> **What to work on**:
Images in the data are to be skipped, while every line is restated exactly as written.
*** Source material Section Begins ***
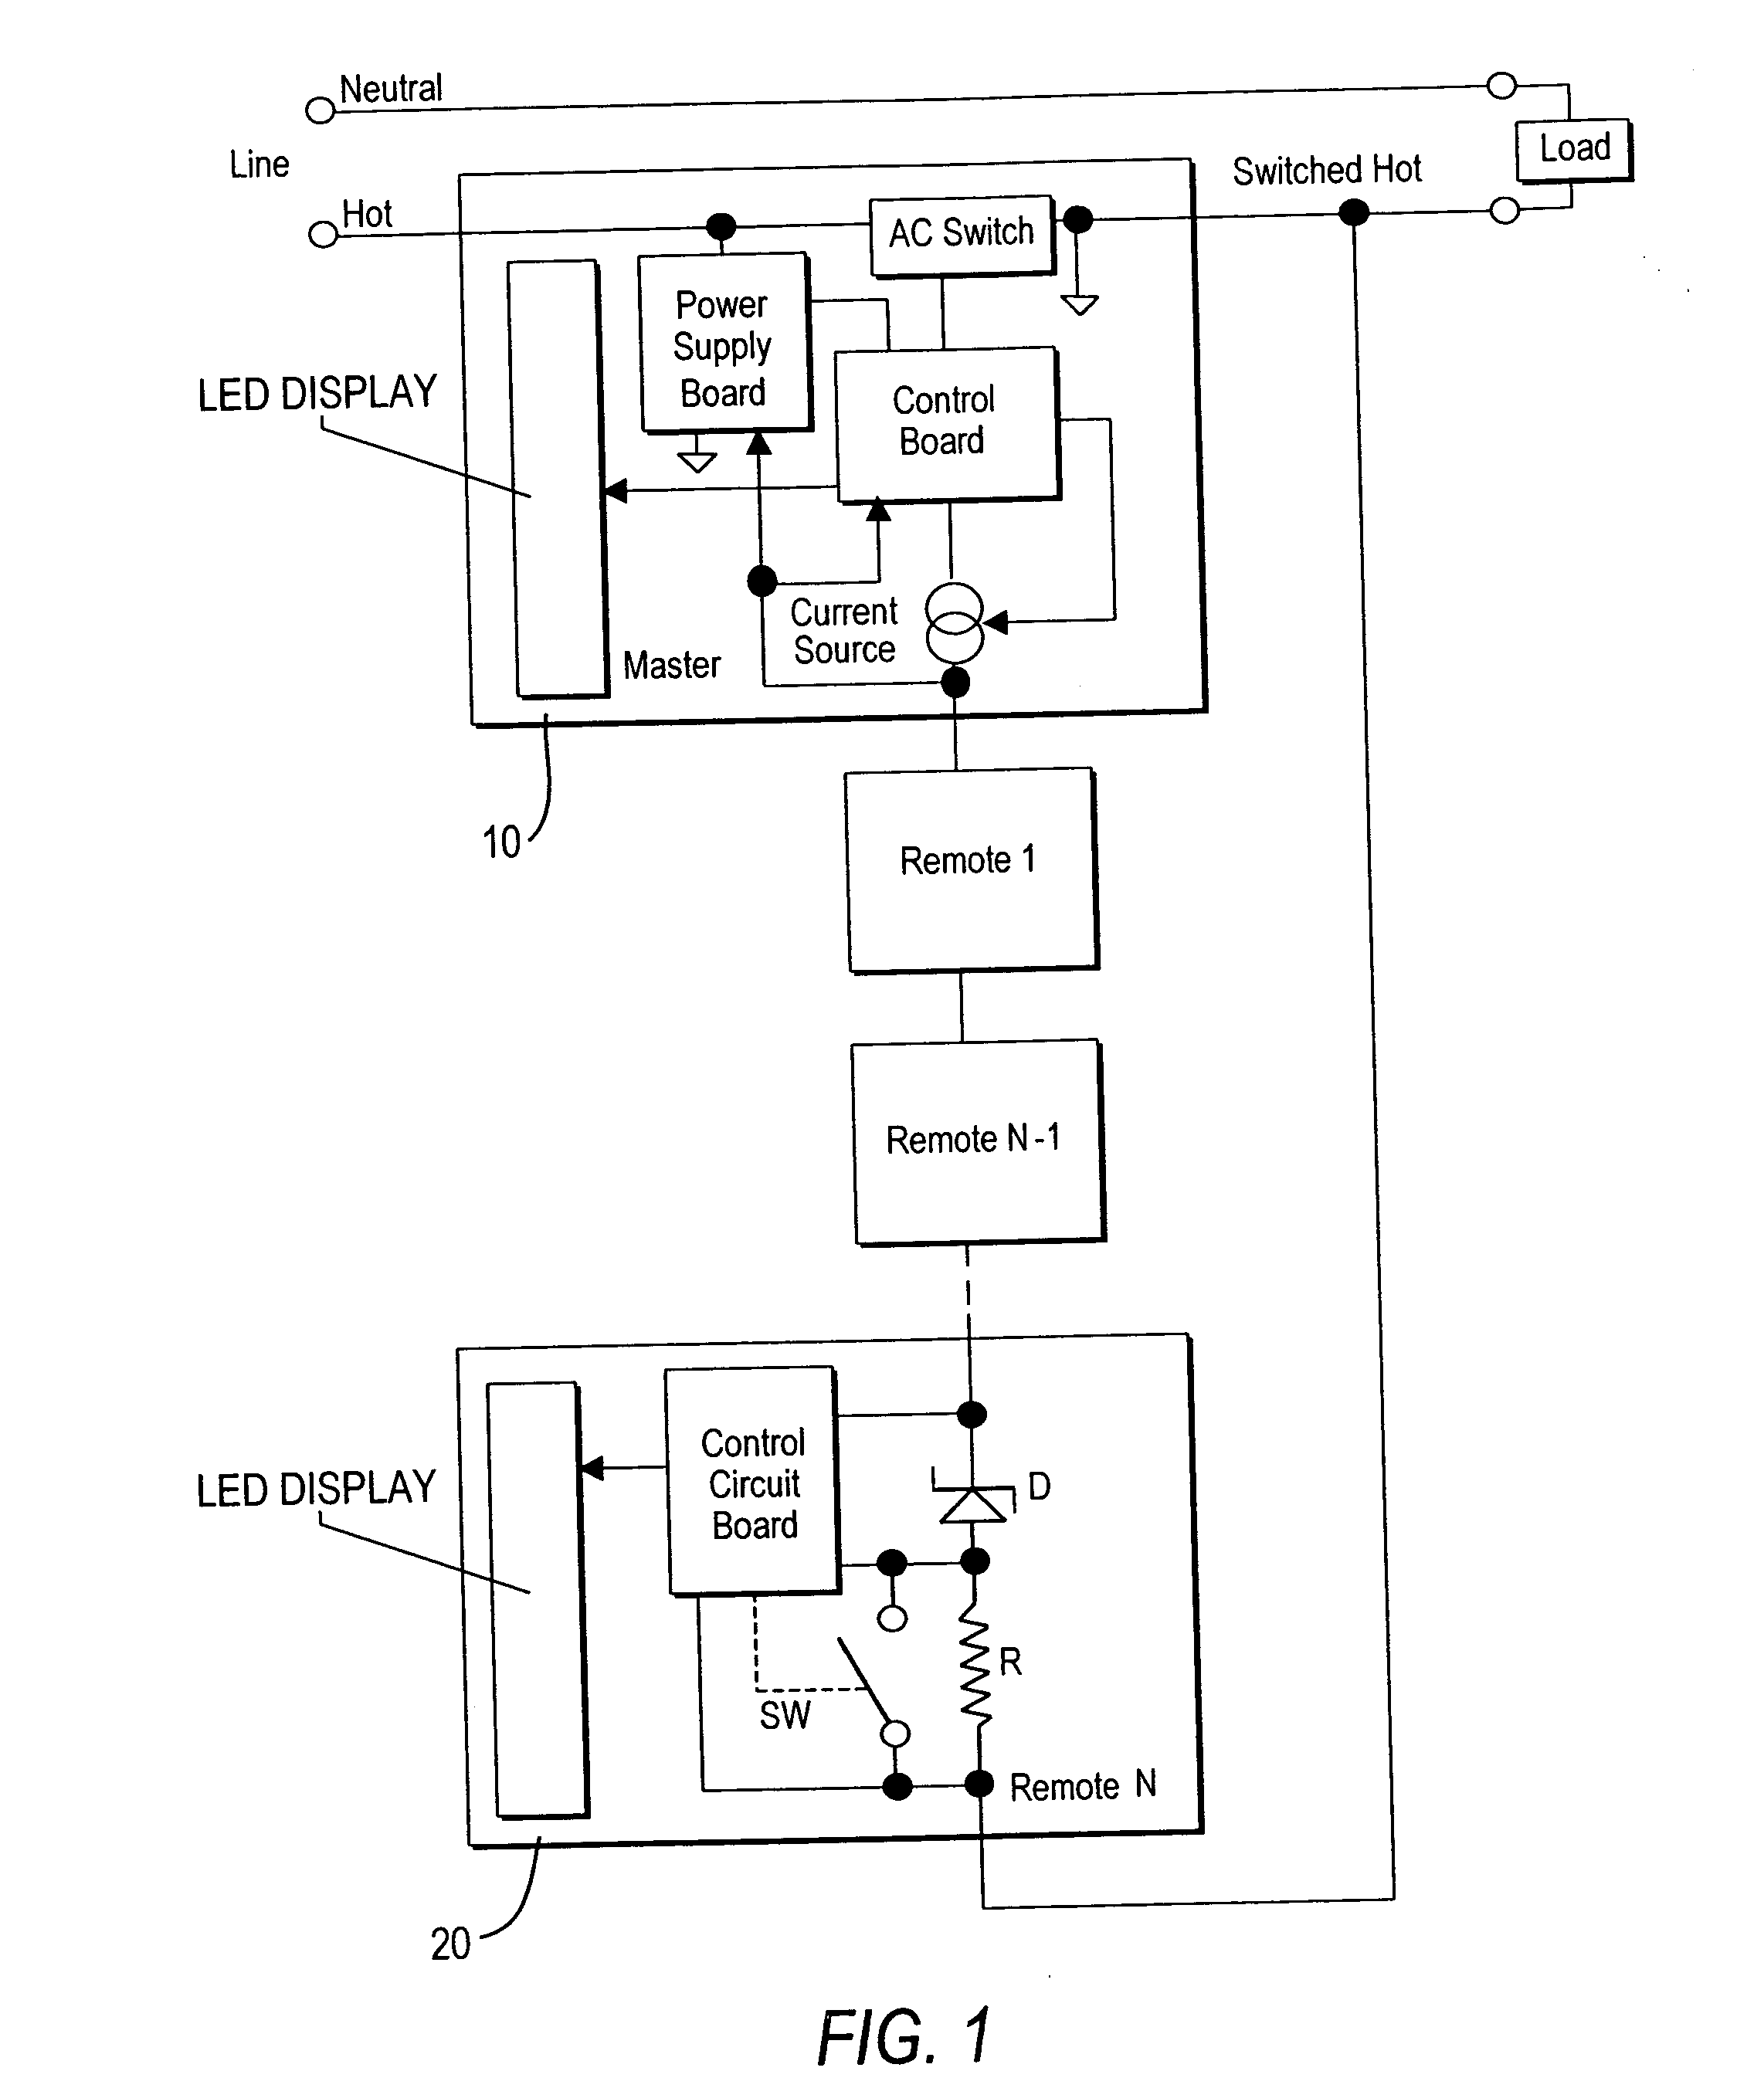 Dimmer control system with tandem power supplies
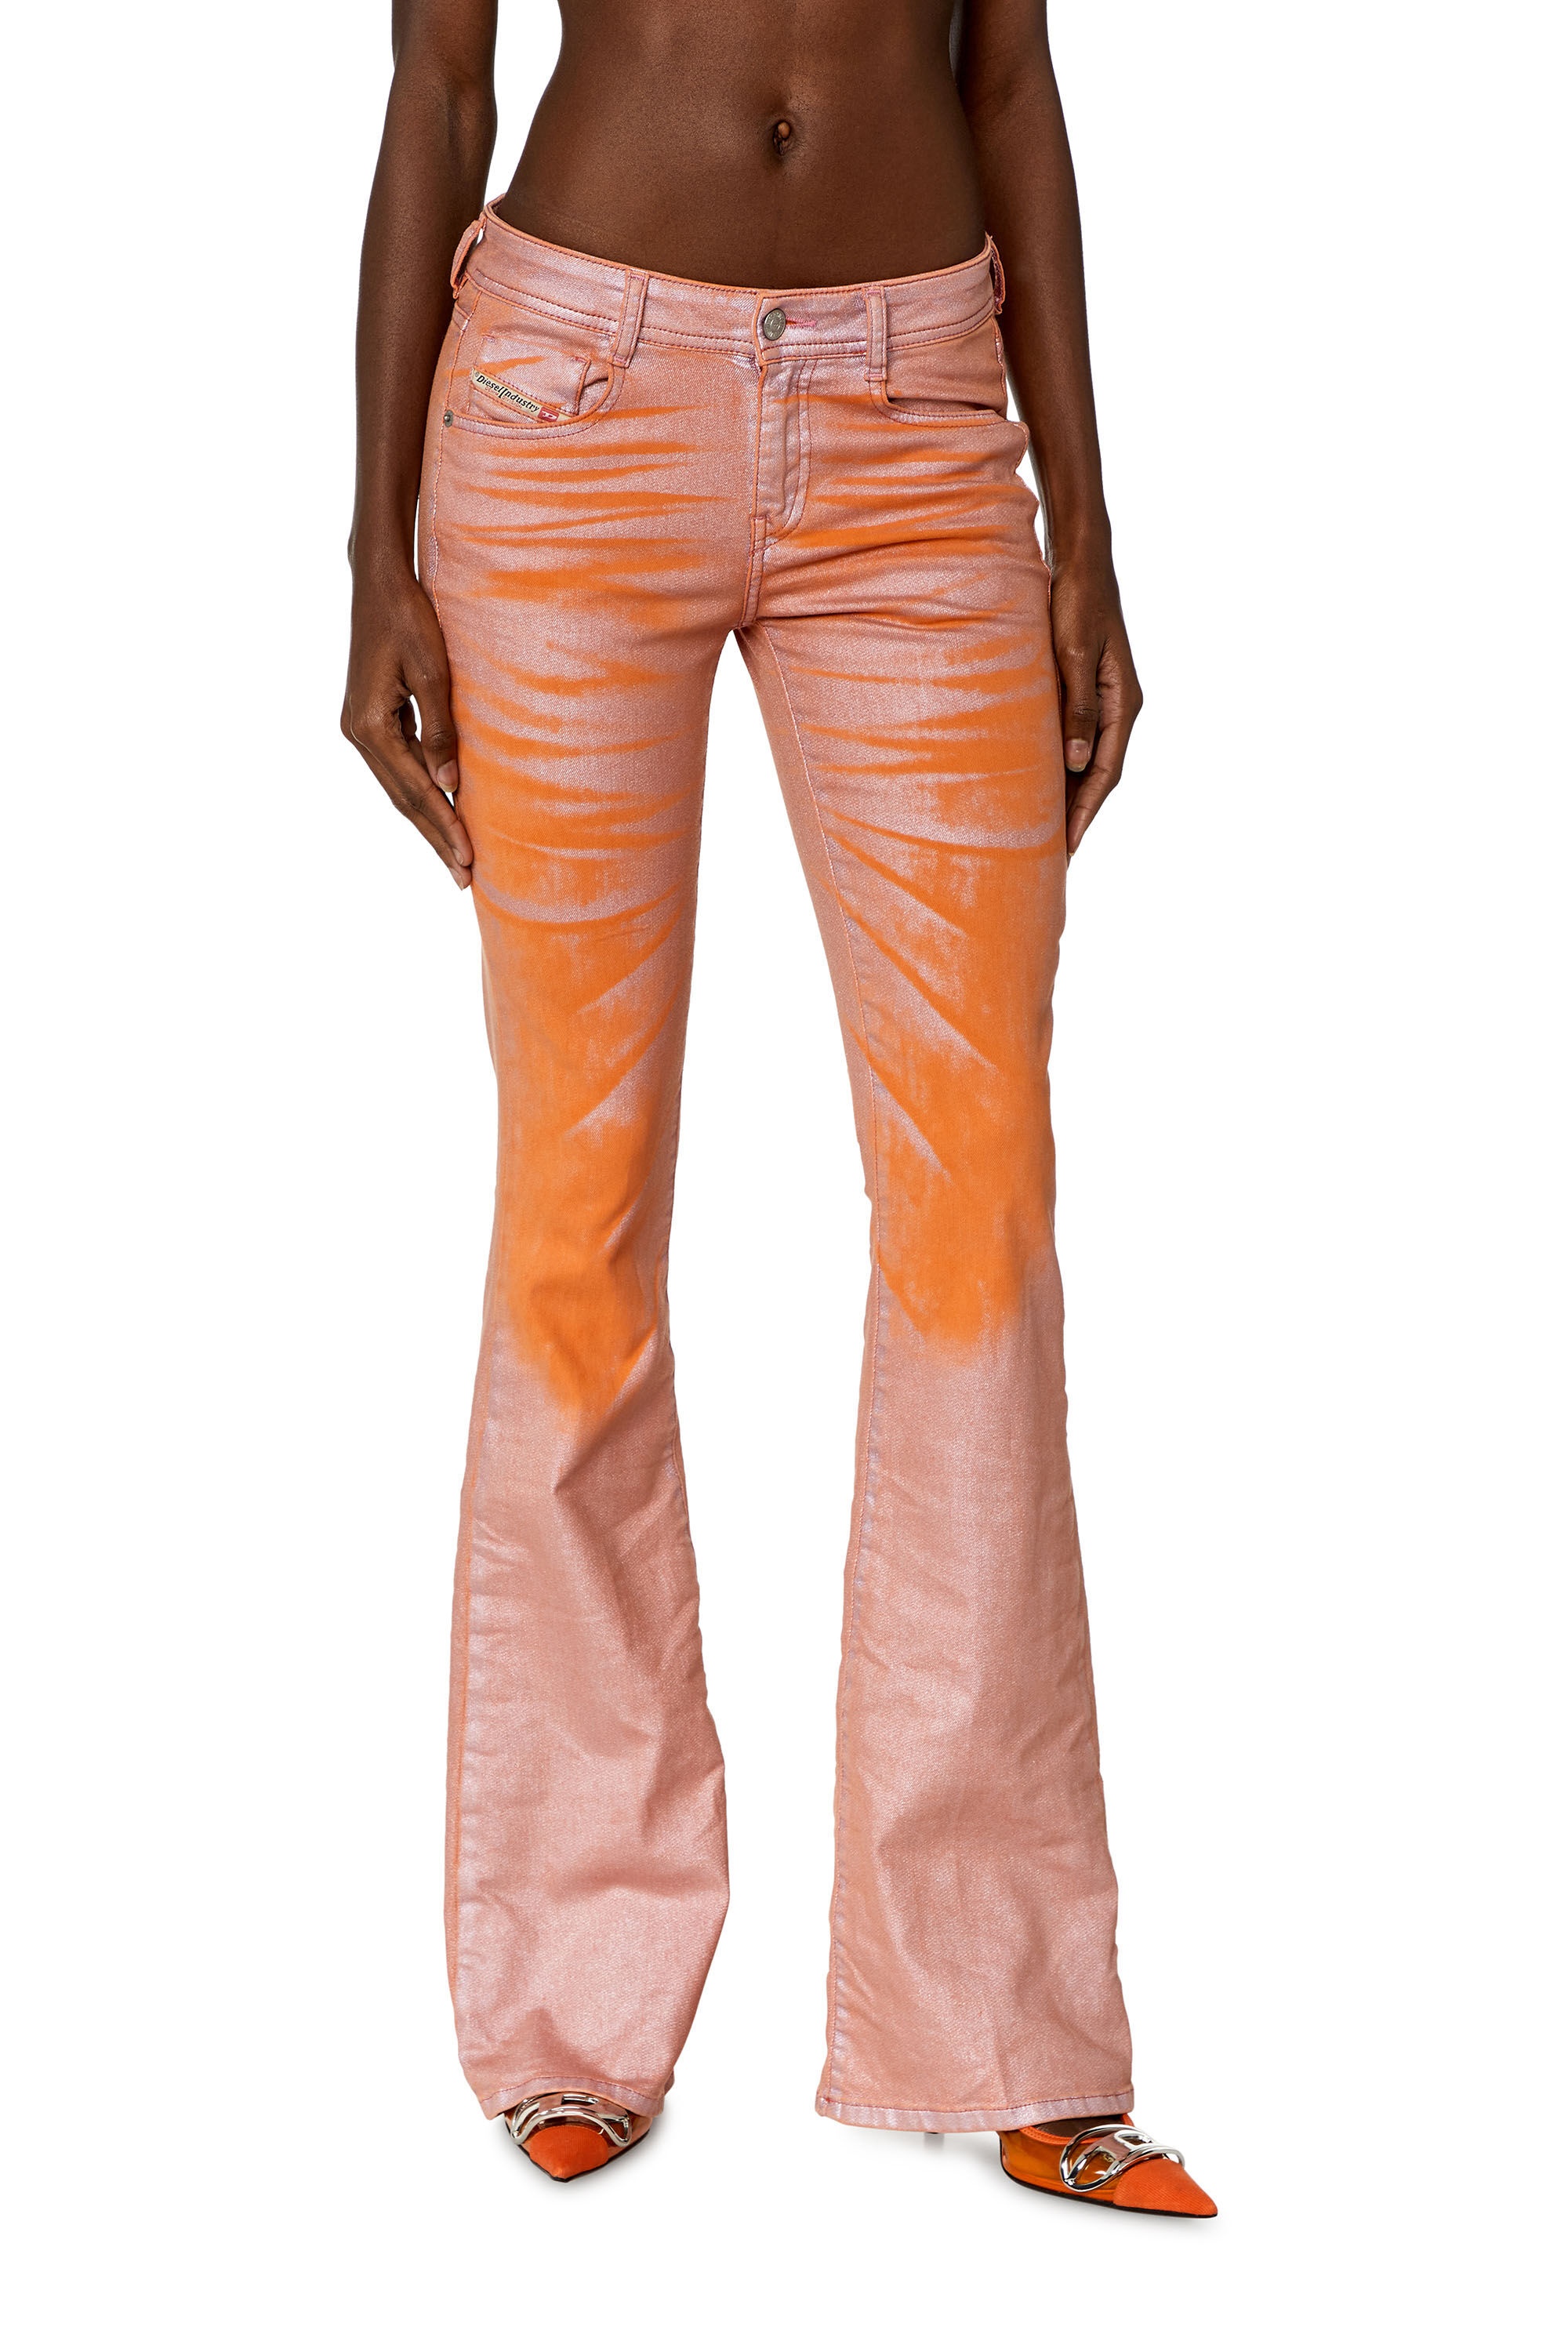 BOOTCUT AND FLARE JEANS 1969 D-EBBEY 068KT - 3
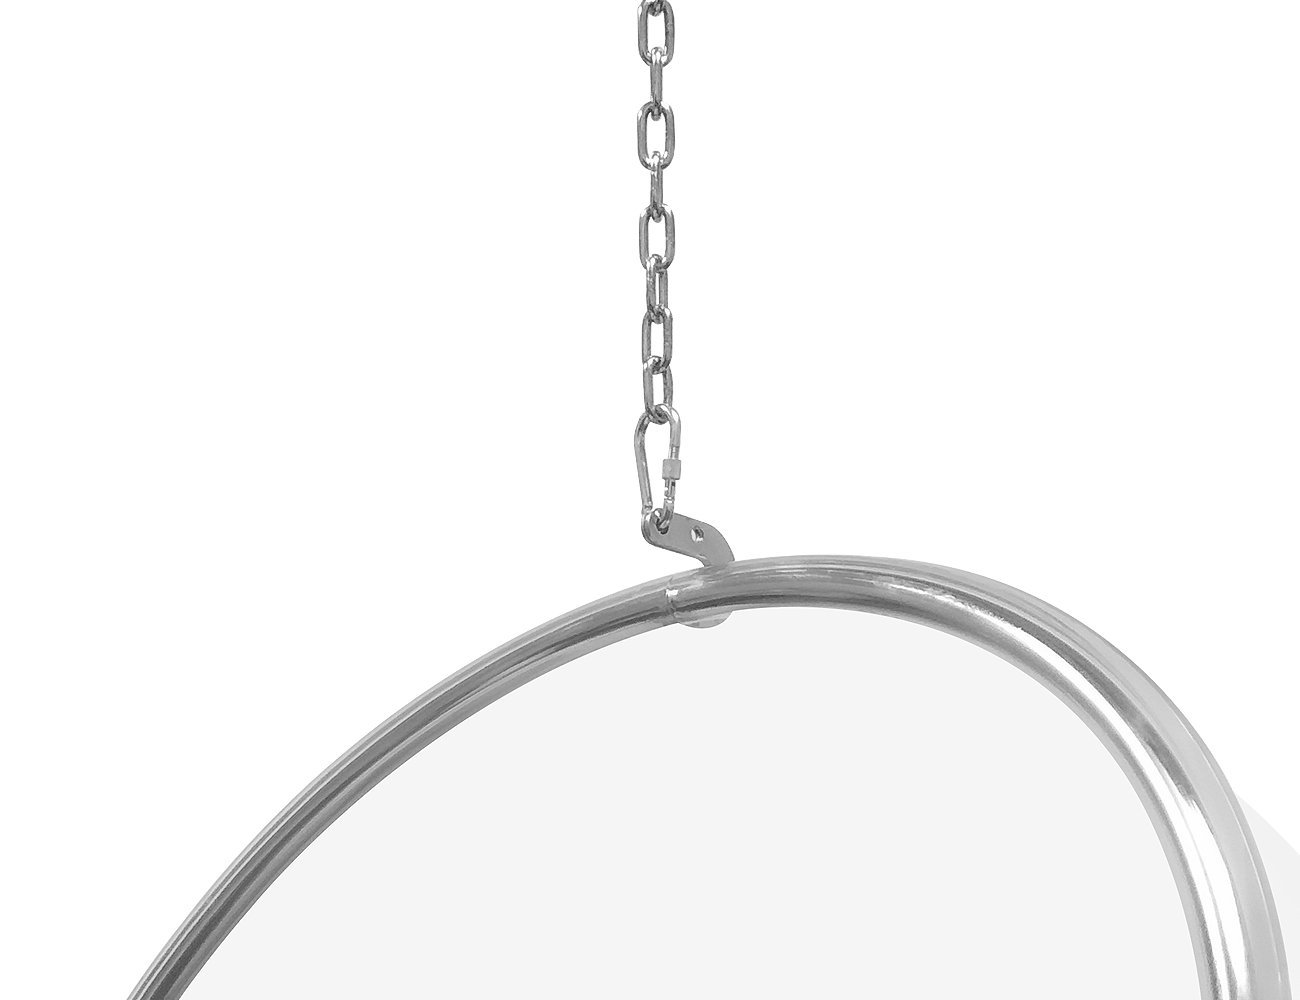 Bubble Hanging Chair @ Crazy Sales - We have the best daily deals online!
*** Source material Section Ends ***
> **The answer**:
 Dimmer control system with tandem power supplies
 BOOTCUT AND FLARE JEANS 1969 D-EBBEY 068KT - 3
 Bubble Hanging Chair @ Crazy Sales - We have the best daily deals online!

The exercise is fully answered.